Je trouve qu’on leur rend peu hommage, à travers le langage usuel, comparativement à l’usage que l’on fait des expressions visant leurs homologues masculins :

Avoir des couilles! Se faire des couilles en or! En avoir plein les couilles! Etc.

Qui expriment bien, très prosaïquement certes, cette énergie brute (pas encore dépolie) crue, vibrante, concrète, pragmatique, vitale, des glandes sexuelles.Personnellement, j’aime assez m’exprimer en ces termes familiers, grossiers, de temps en temps, quand ça va avec l’instant ! Et je remplace donc testicules par ovaires s’il s’agit de moi ou d’une femme. Ça réveille toujours un peu l’assistance. Et je crois que ça en vaut la peine !

Dans la même idée, il me semble que le rôle puissant des ovaires est encore une fois passée sous silence quand il s’agit de parler de son cycle de fonctionnement :

On dit communément « cycle menstruel » , « cycle féminin », parfois on peut entendre « cycle de la fertilité », « cycle des lunes » dans certains milieux … quid du rôle majeur des ovaires dans tout ça ? Car rien ne se passerait dans l’utérus si les ovaires n’étaient pas en action.

Je pense que c’est dû au fait que l’utérus à une place prépondérante en tant qu’organe symbolique de la féminité. On pense dans notre culture au graal, coupe symbolique représentant le principe féminin, associé à l’image de la matrice divine.

C’est d’ailleurs très interpellant d’observer, lorsque je propose dans mes cours d’anatomie, du modelage d’utérus en argile, que pour un très grand nombre de femmes, l’utérus est perçu/imaginé comme étant un contenant creux, avec un espace vide au centre. Ce qui est faux, bien sûr, il n’y a pas de vide dans le corps, et l’utérus est un organe particulièrement musclé, en plus !

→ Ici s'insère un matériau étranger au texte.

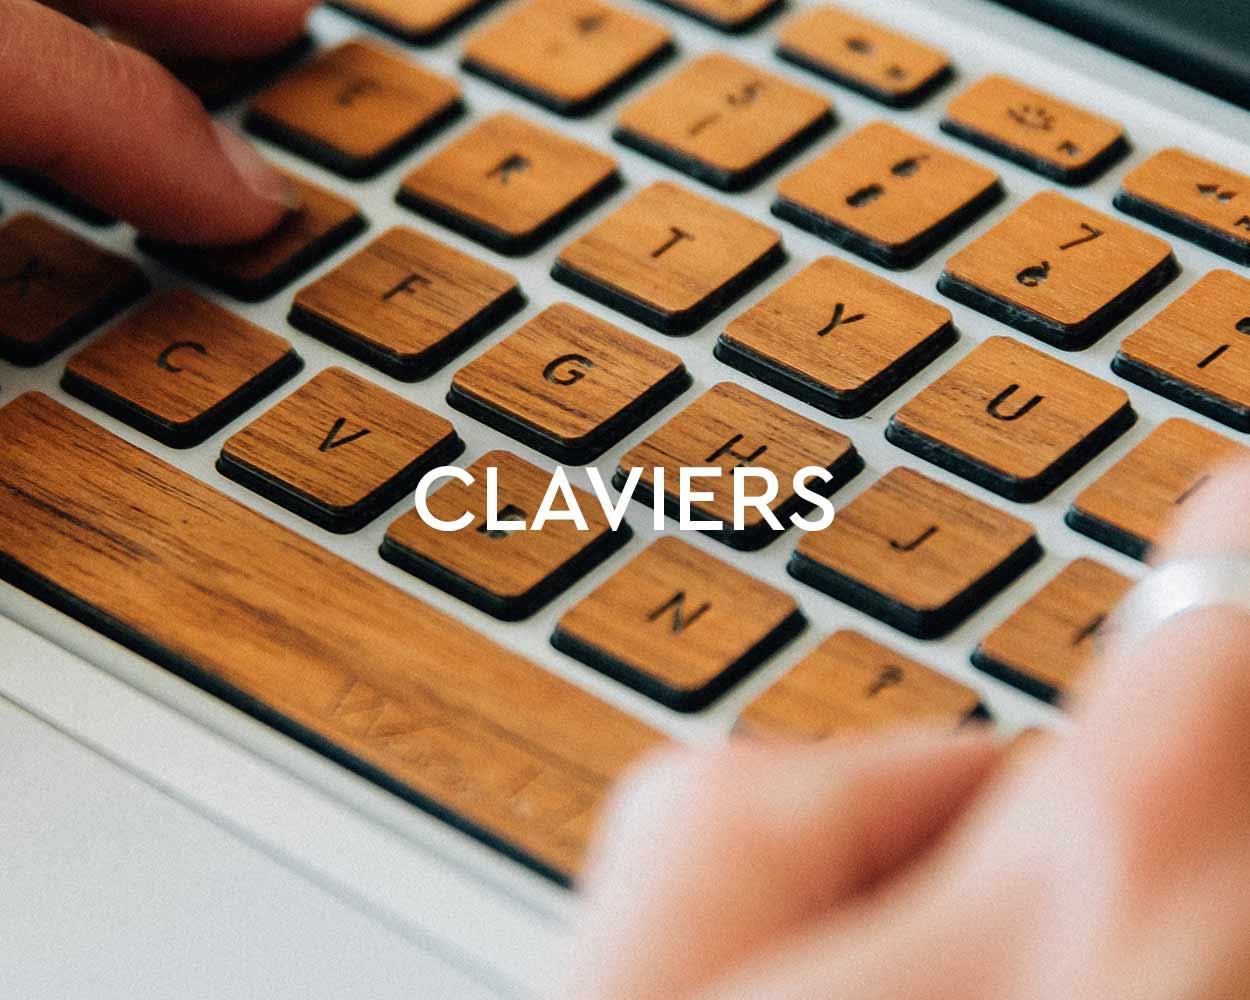 clavier en bois
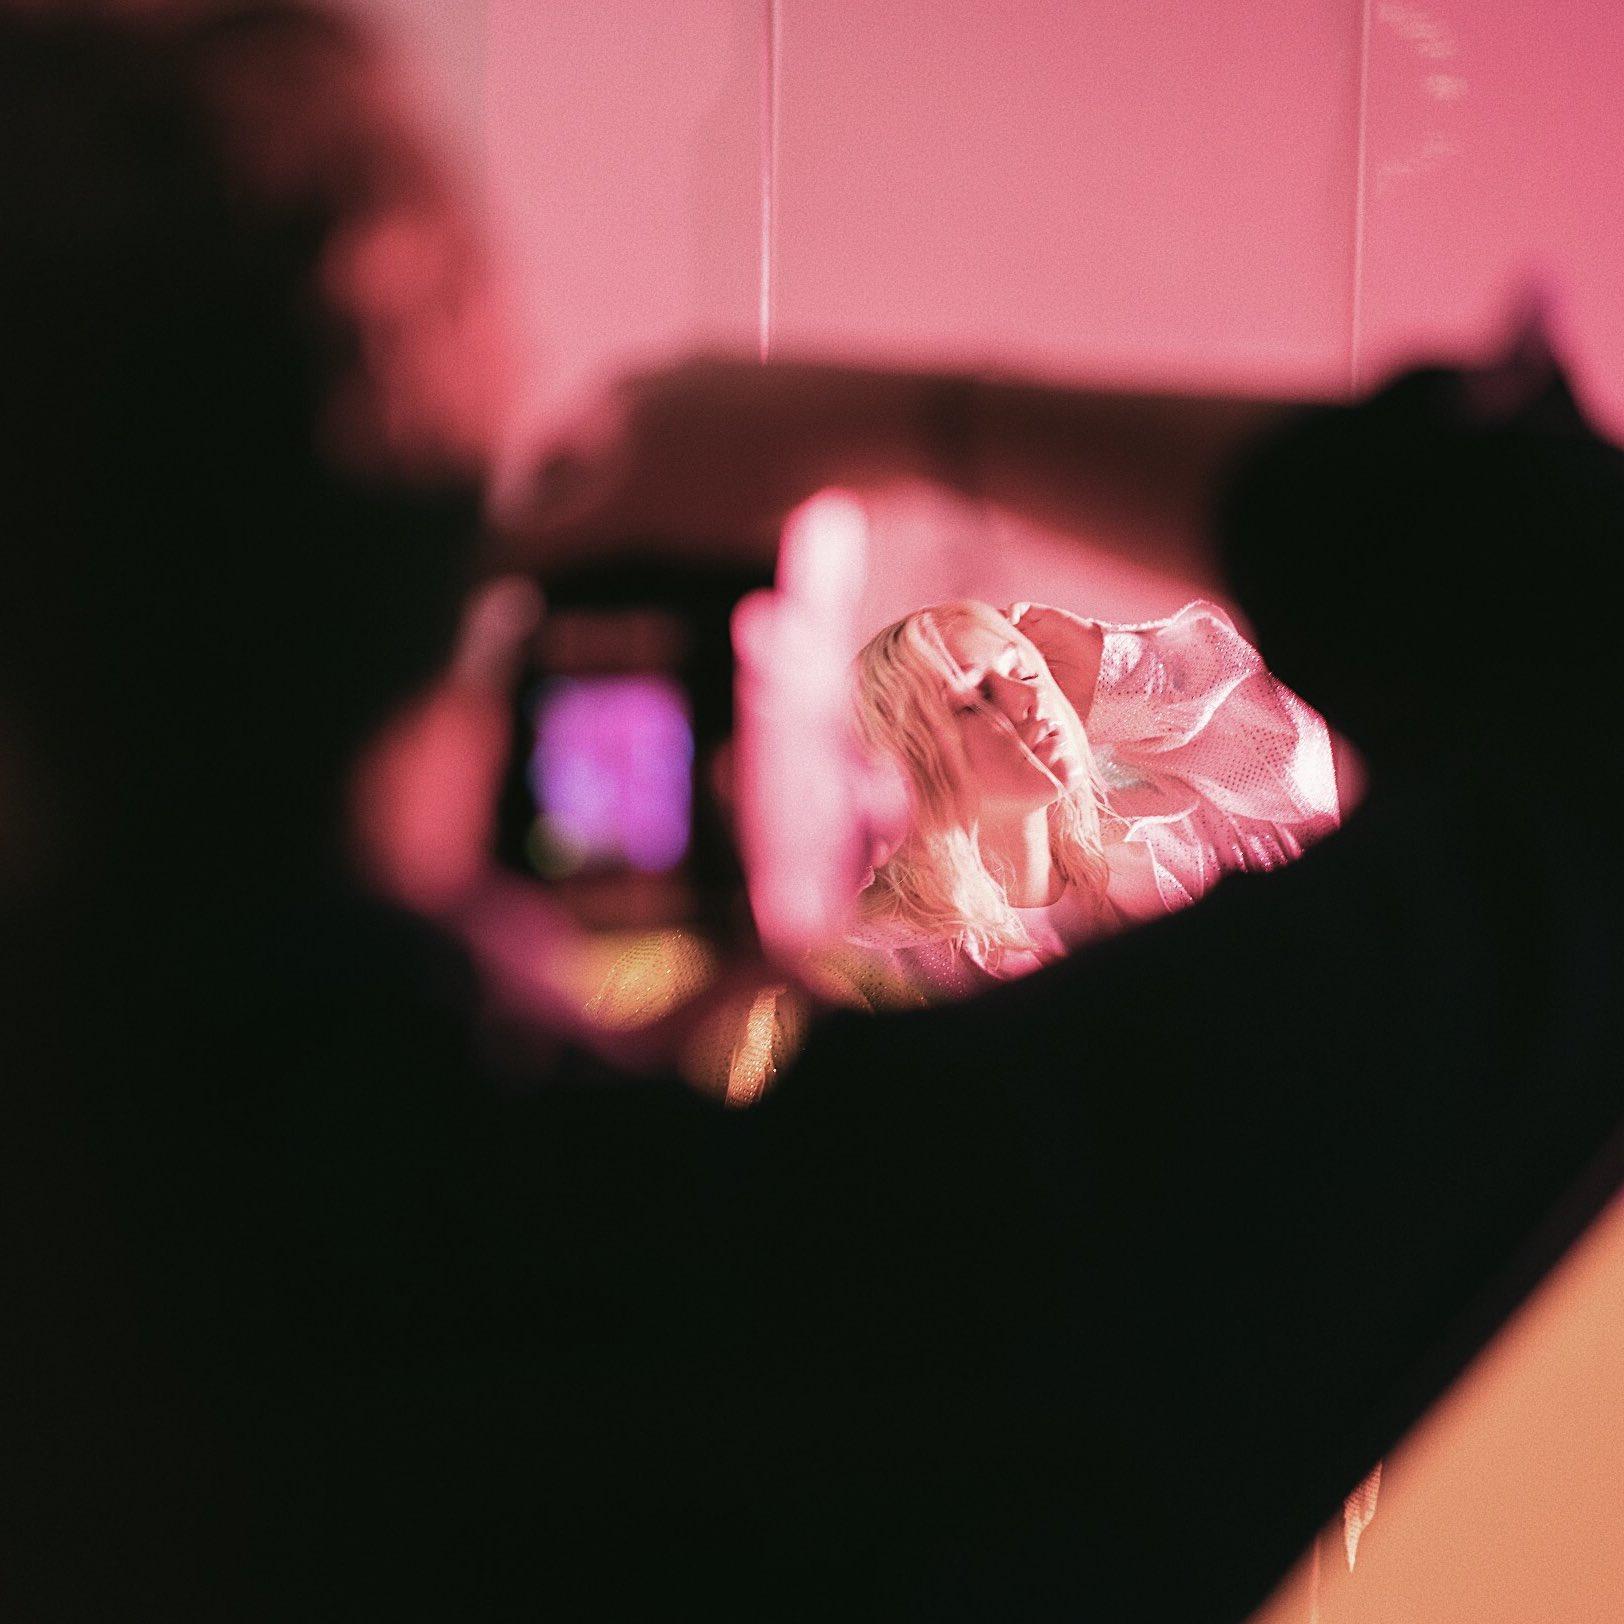 Christina Aguilera DcB5eGOV0AIIAz0

La symbolique prime sur la réalité biologique du sexe féminin. Ceci est fort dommageable pour la construction de notre psychisme :

👉🏽 Parce que c’est un détournement de la réalité biologique telle qu’elle est
👉🏽 Parce que cela fabrique une fausse perception de l’organe utérin
👉🏽 parce que cela concours à faire perdurer cette idée que féminité = coupe = creux = toute la suite qu’on connaît bien, sur laquelle repose idéaux et valeurs patriarcales…
👉🏽 Parce que passer sous silence la force des ovaires, c’est une non-reconnaissance de la puissance sexuelle, active, de la femme.
👉🏽 Parce que ne pas reconnaître la symétrie de puissance et d’importance testicules/ovaires c’est déjà fabriquer une inégalité homme/femme.

Les mots sont les outils avec lesquels on crée de la pensée conscientisée. C’est pourquoi en changeant de vocabulaire, en ajustant notre façon de parler au fur et à mesure de nos prises de conscience, on en favorise la densité. On incarne mieux ce qui évolue en nous. Et on participe activement à l’évolution de la pensée de la société dans laquelle nous vivons.

Je m’amuse donc à remplacer couilles par ovaires quand cela tombe sous le sens (cf : post précédent) et j’emploie de plus en plus le terme cycle ovarien à la place de cycle menstruel depuis quelques temps.